鉛筆を握り直した。手が震えている。疲れているのか。いや、違う。疲労ではない。これは。


「ラシードさん」


「何だ」


「……ありがとうございます。図面を、褒めていただいて」


「褒めたつもりはない。事実を言った」


素っ気ない声だった。図面に向かったまま、こちらを見ない。


けれど、鉛筆を持つ手が、ほんの少し止まっていた。


この人は、技術の話で饒舌になって、我に返って黙る。感情が言葉にならないから、行動に出る。道具箱を置いて、作業灯に油を足して、薬湯を部屋の前に置いて。そして今、「図面が綺麗だ」と、言葉にした。


この人にとって、それはどれほどのことなのだろう。


聞けなかった。聞く勇気がなかった。聞いたら、自分が何を感じているかに、向き合わなければならなくなる。

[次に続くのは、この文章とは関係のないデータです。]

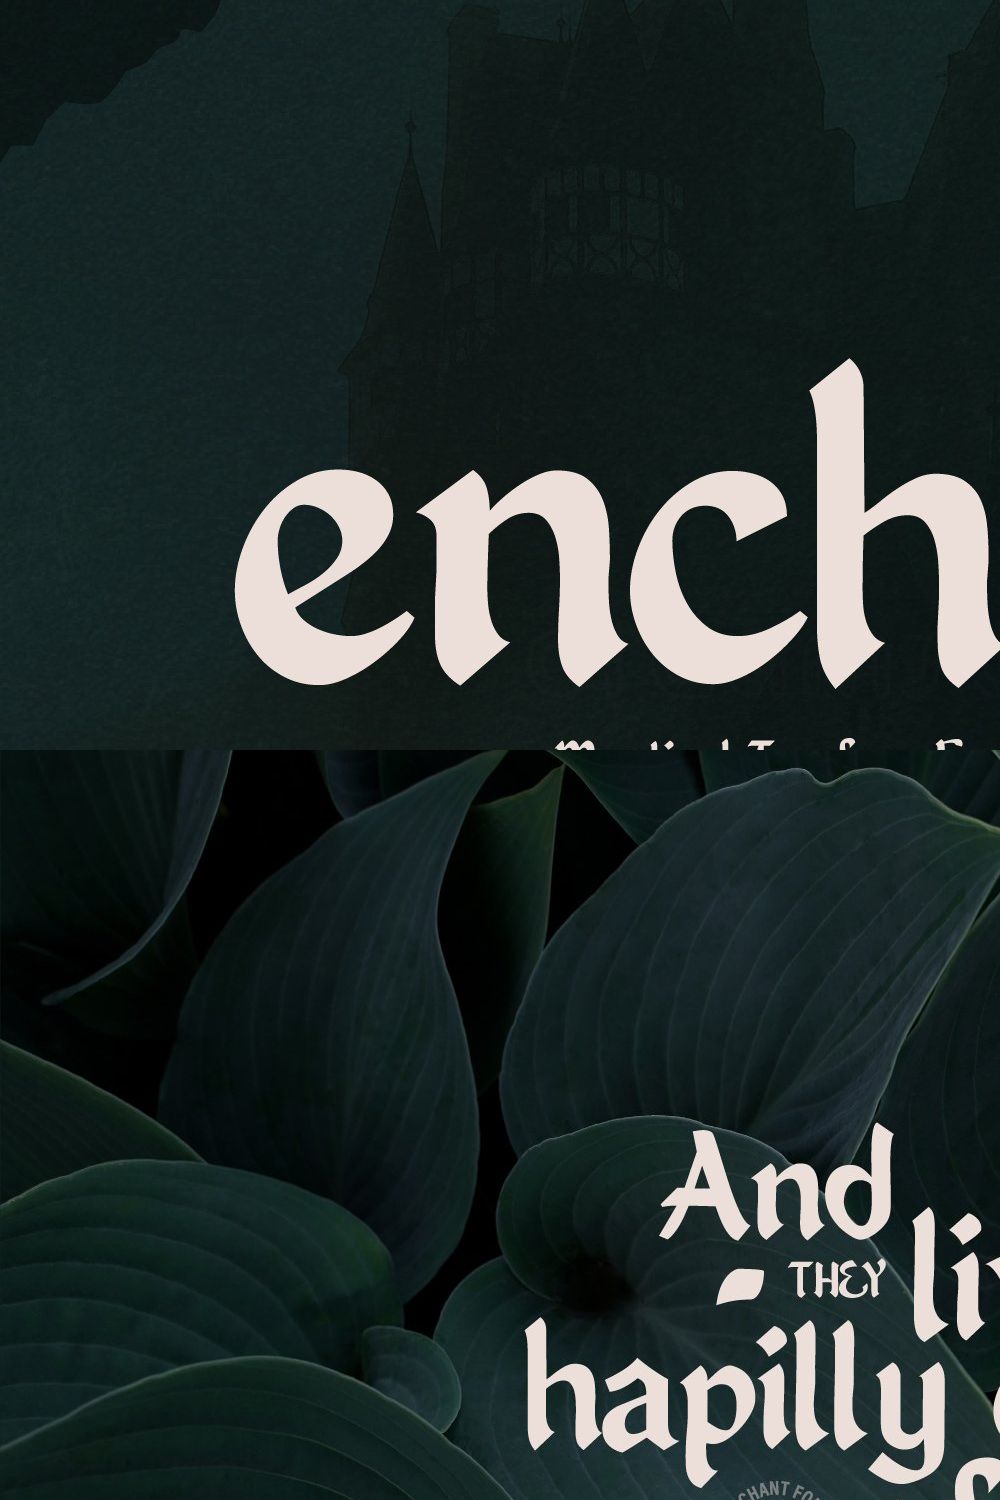 Enchant - Mystical 1600s Typeface pinterest preview image.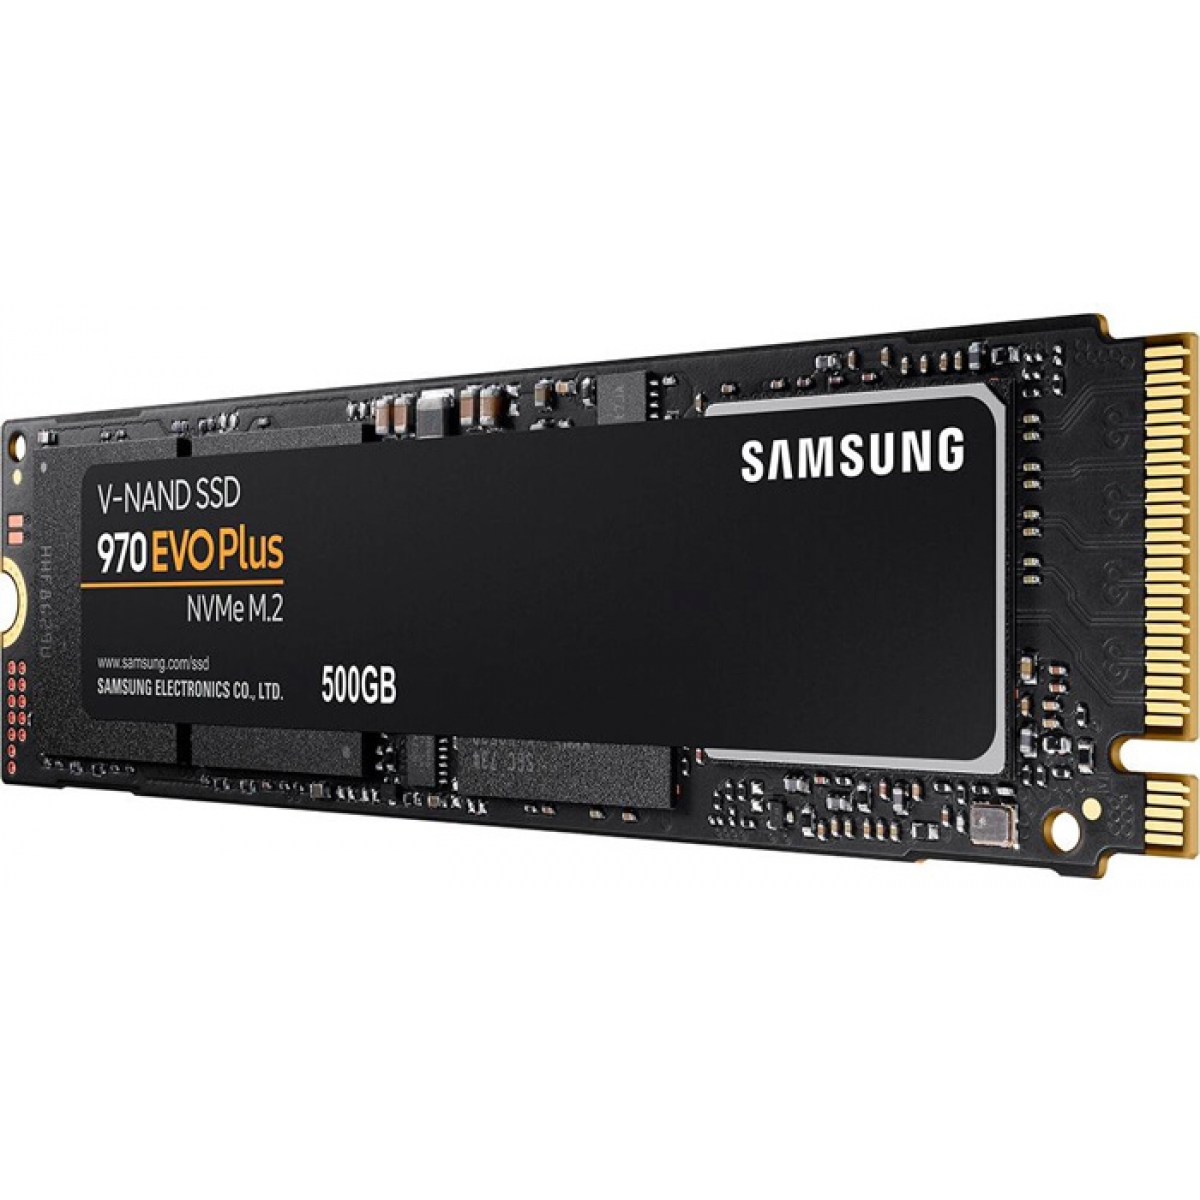 SSD Samsung 970 EVO Plus, 500GB, M.2 2280, NVMe, Leitura 3500MBs e Gravação 3200MBs, MZ-V7S500B-AM

施工図の残りを仕上げた。深夜になっていた。ラシードさんが先に鉛筆を置いた。


「明日から着工準備に入る。身体を休めておけ」


「はい。ラシードさんも」


ラシードさんは頷いて、自分の作業場に戻った。灯りを消す音がした。


私は図面を丸めて、作業台を片付けた。


綺麗だ、と言われた。図面を。


それだけのことが、胸の中でずっと回っている。回り続けて、止まらない。


工房を出て、夜空を見上げた。星が出ている。カルムの夜は静かだ。


ここに居場所がある、と思った。初めて、そう思った。仕事があるから、ではない。数字が出ているから、でもない。この町で、この工房で、この人たちと一緒に図面を描いていることが——ここにいる理由になりつつある。


まだ怖い。こういう感覚を信じるのは、怖い。


でも、図面が綺麗だと言ってくれた人がいる。数字で信頼を示してくれた人がいる。それは、嘘ではないはずだ。


宿舎に向かって歩き出した。明日から橋の着工準備が始まる。やることは山ほどある。


胸の中はまだうるさいが、足取りは軽かった。